Required work: Here the job is to transcribe the data exactly while omitting the images.

Information supplied:
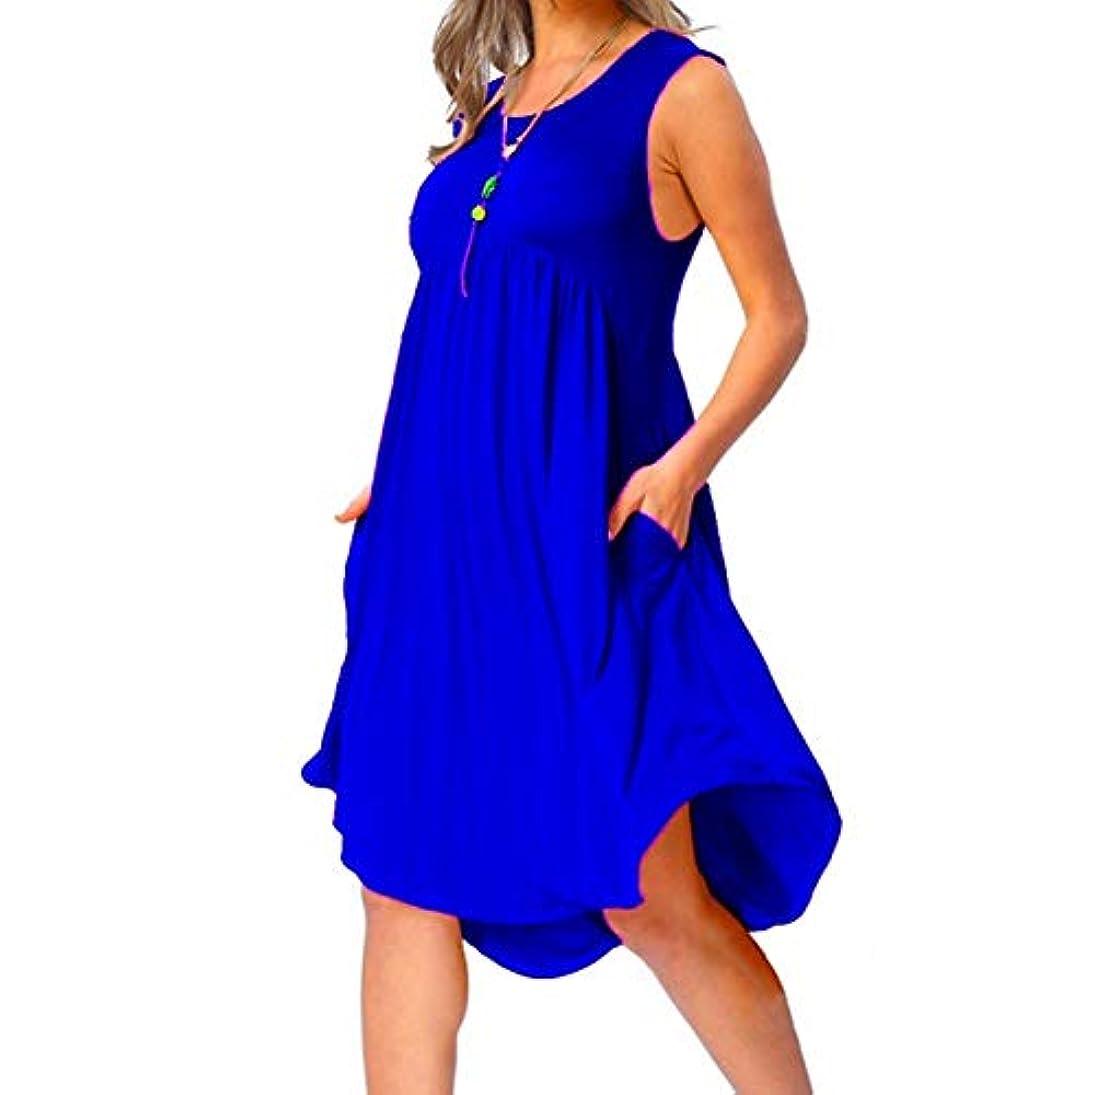 もっともらしい意図ラインナップMIFAN の女性のドレスカジュアルな不規則なドレスルースサマービーチTシャツドレス
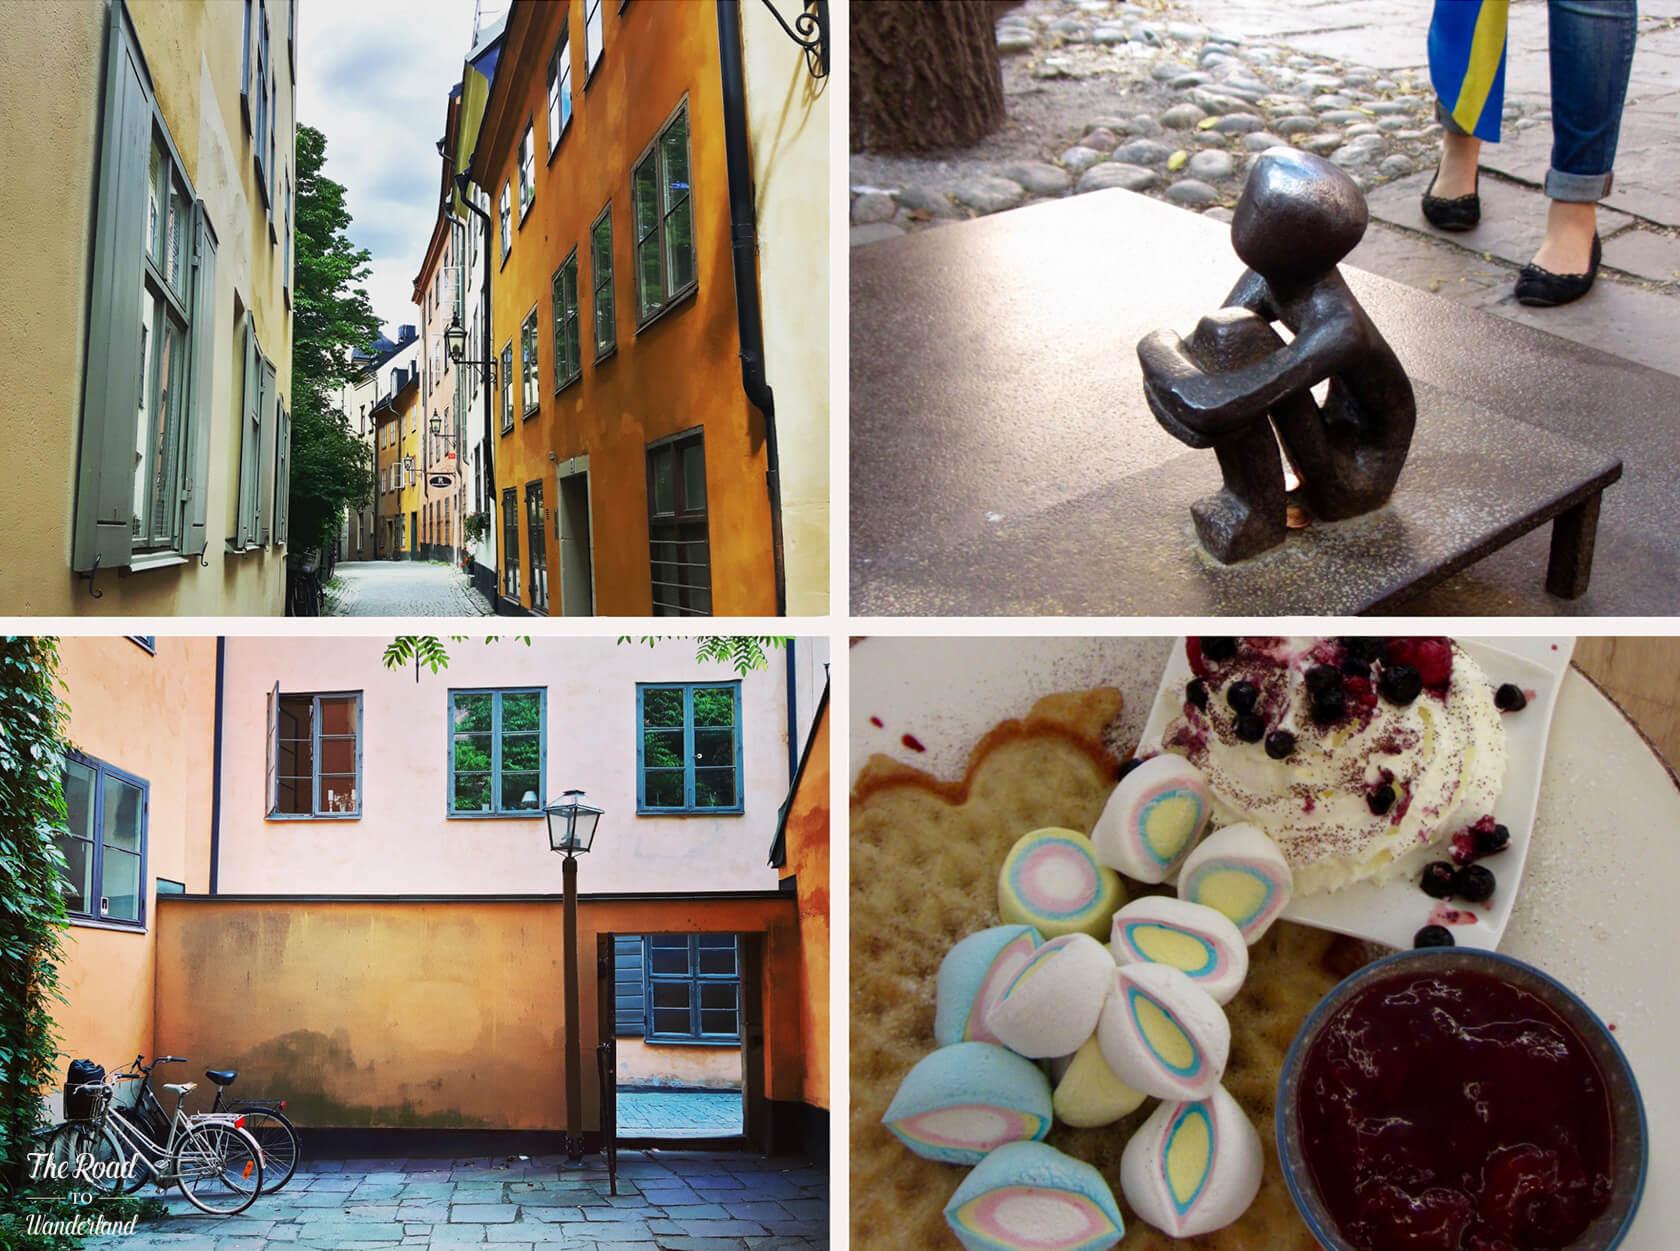 Exploring Gamla Stan, Stockholm
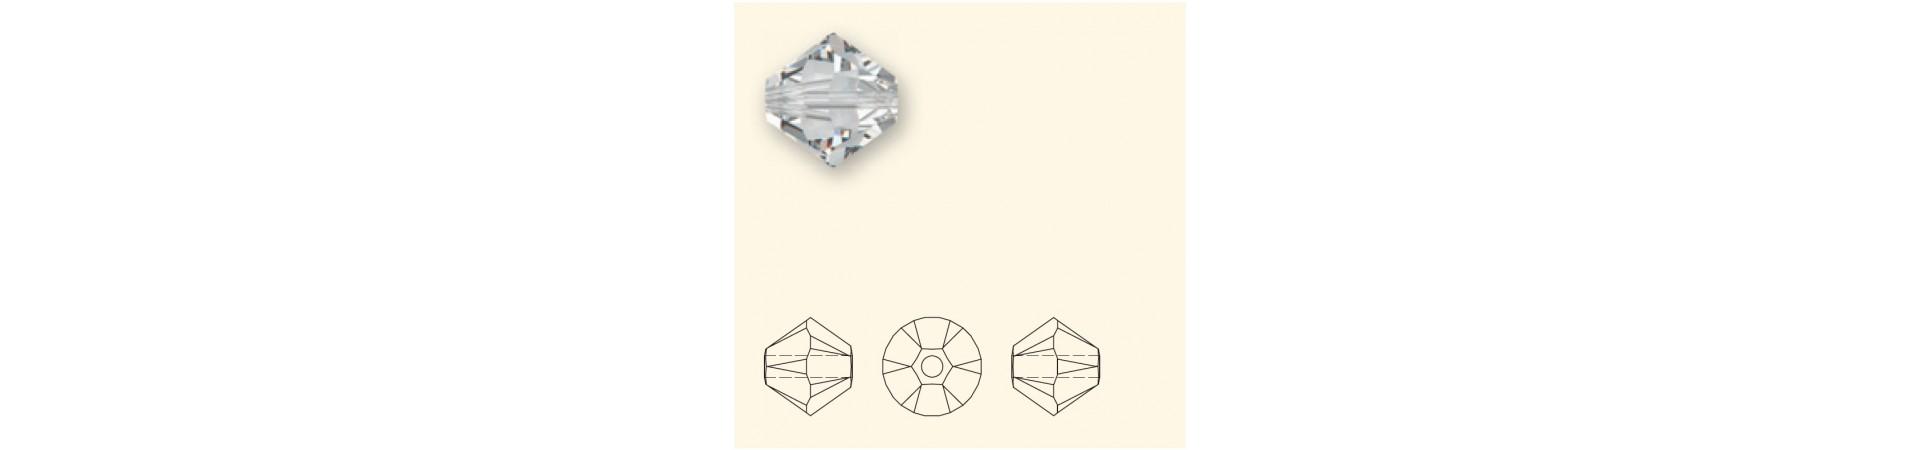 5328 XILION bi-cone (Bicone) bead

Answer area:
 もっともらしい意図ラインナップMIFAN の女性のドレスカジュアルな不規則なドレスルースサマービーチTシャツドレス
 Exploring Gamla Stan, Stockholm
 5328 XILION bi-cone (Bicone) bead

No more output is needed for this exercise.